**REQUIRED WORK**
Produce a word-for-word copy of the listing below without its pictures.

**AVAILABLE DATA**
[Start of section]

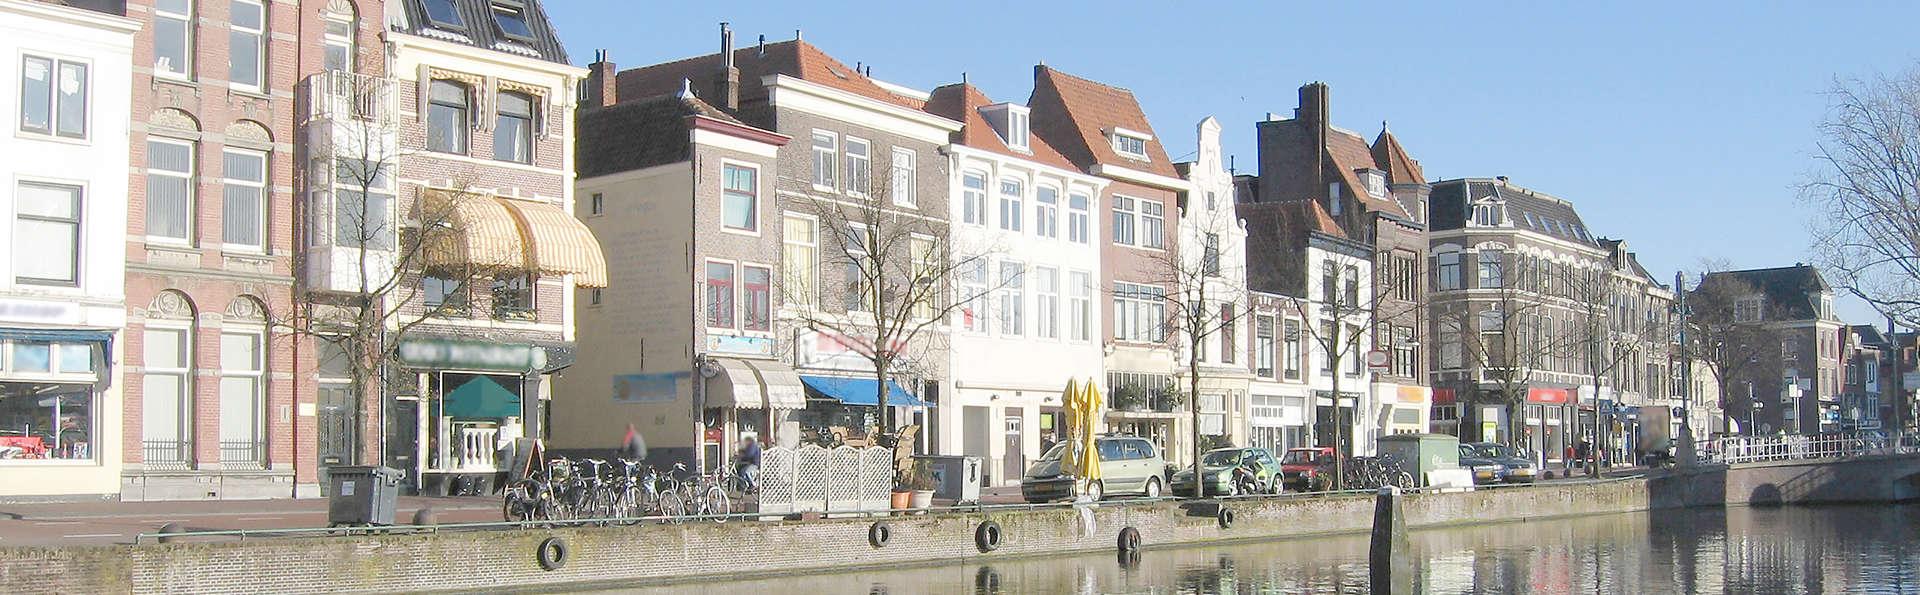 City Resort Hotel Leiden - Edit_Leiden.jpg
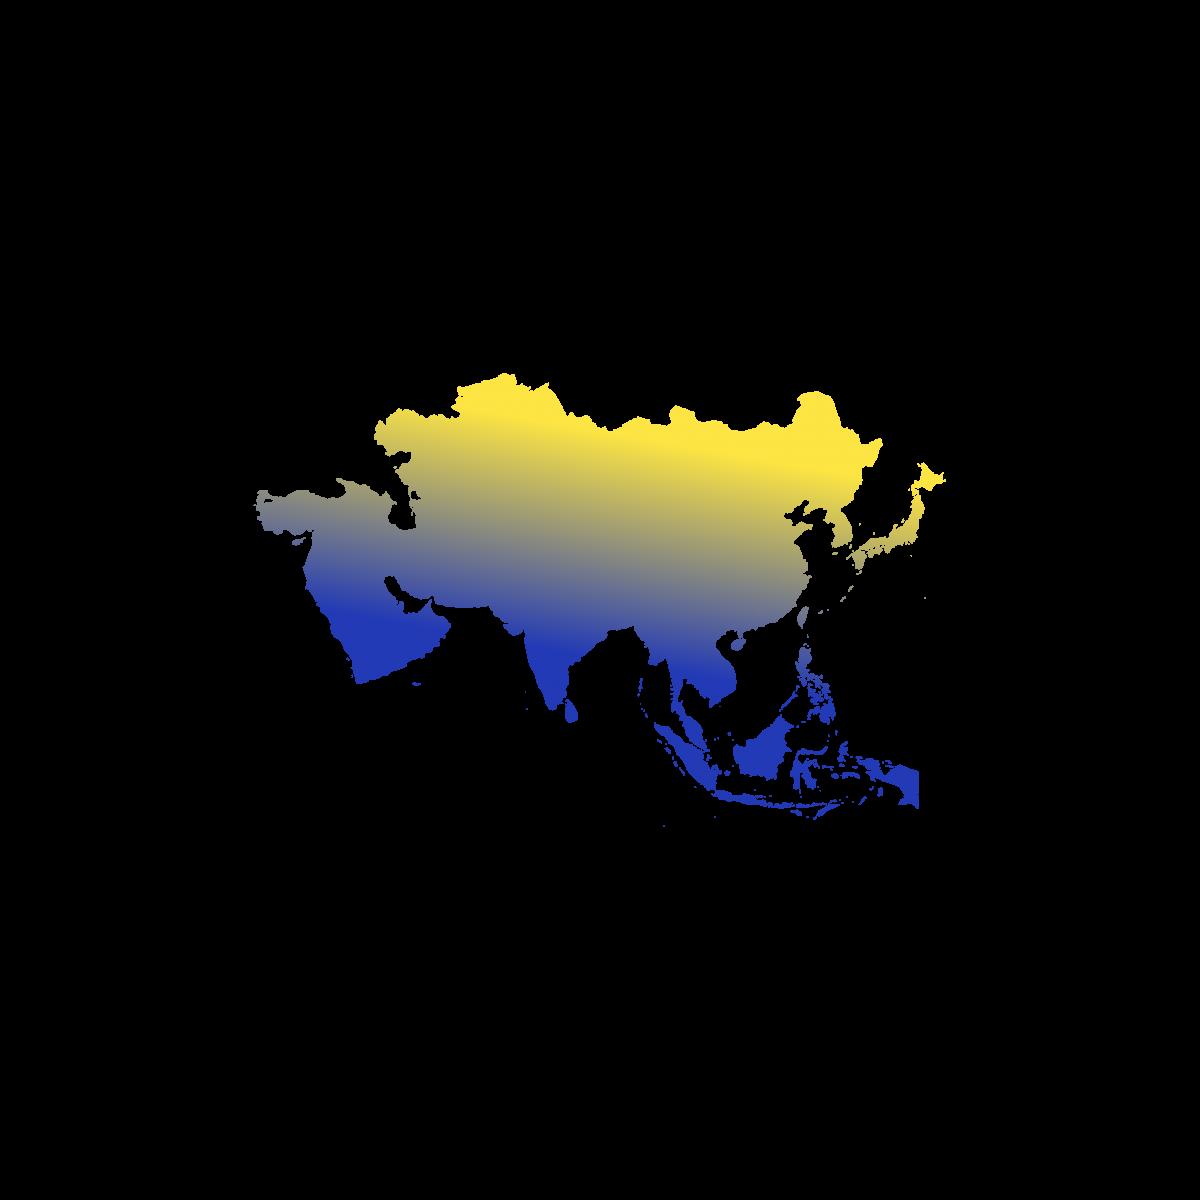 Illustration du continent Asie. Eu Coordination agence de traduction de documents dans les langues d'Asie.
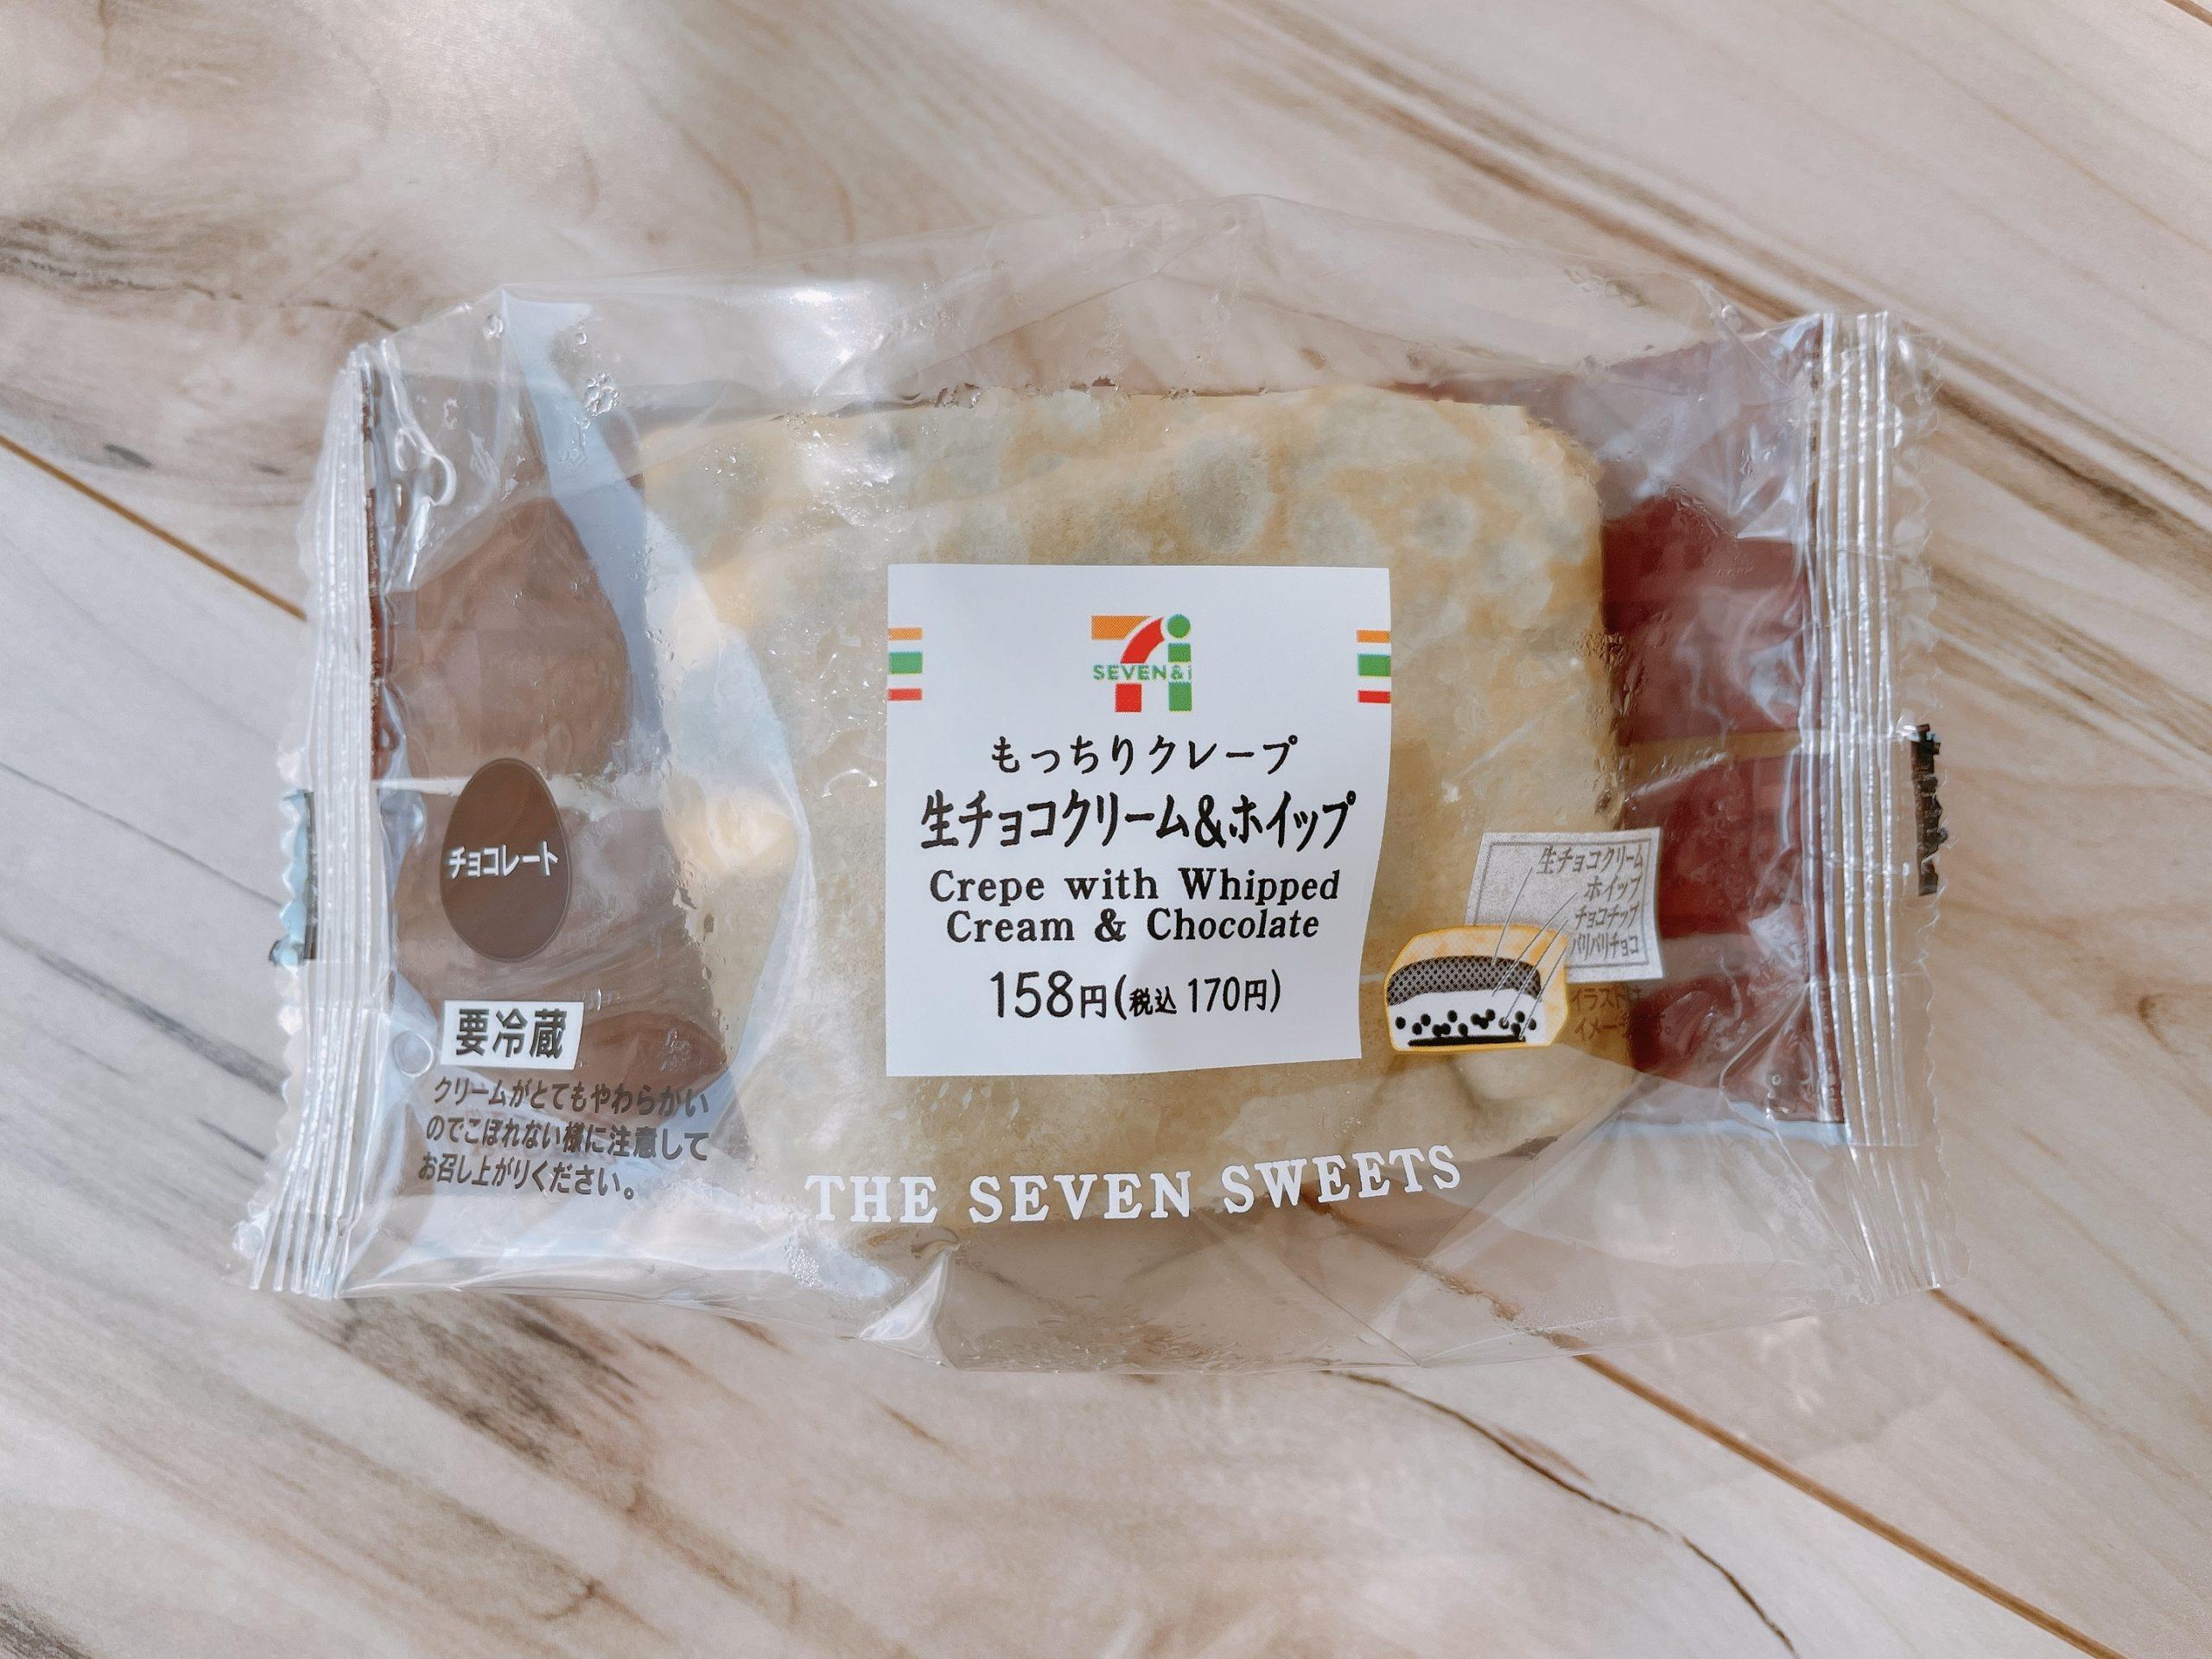 もっちりクレープ生チョコクリーム&ホイップのパッケージ

[End of section]

**RESPONSE BOX**
 City Resort Hotel Leiden - Edit_Leiden.jpg
 Illustration du continent Asie. Eu Coordination agence de traduction de documents dans les langues d'Asie.
 もっちりクレープ生チョコクリーム&ホイップのパッケージ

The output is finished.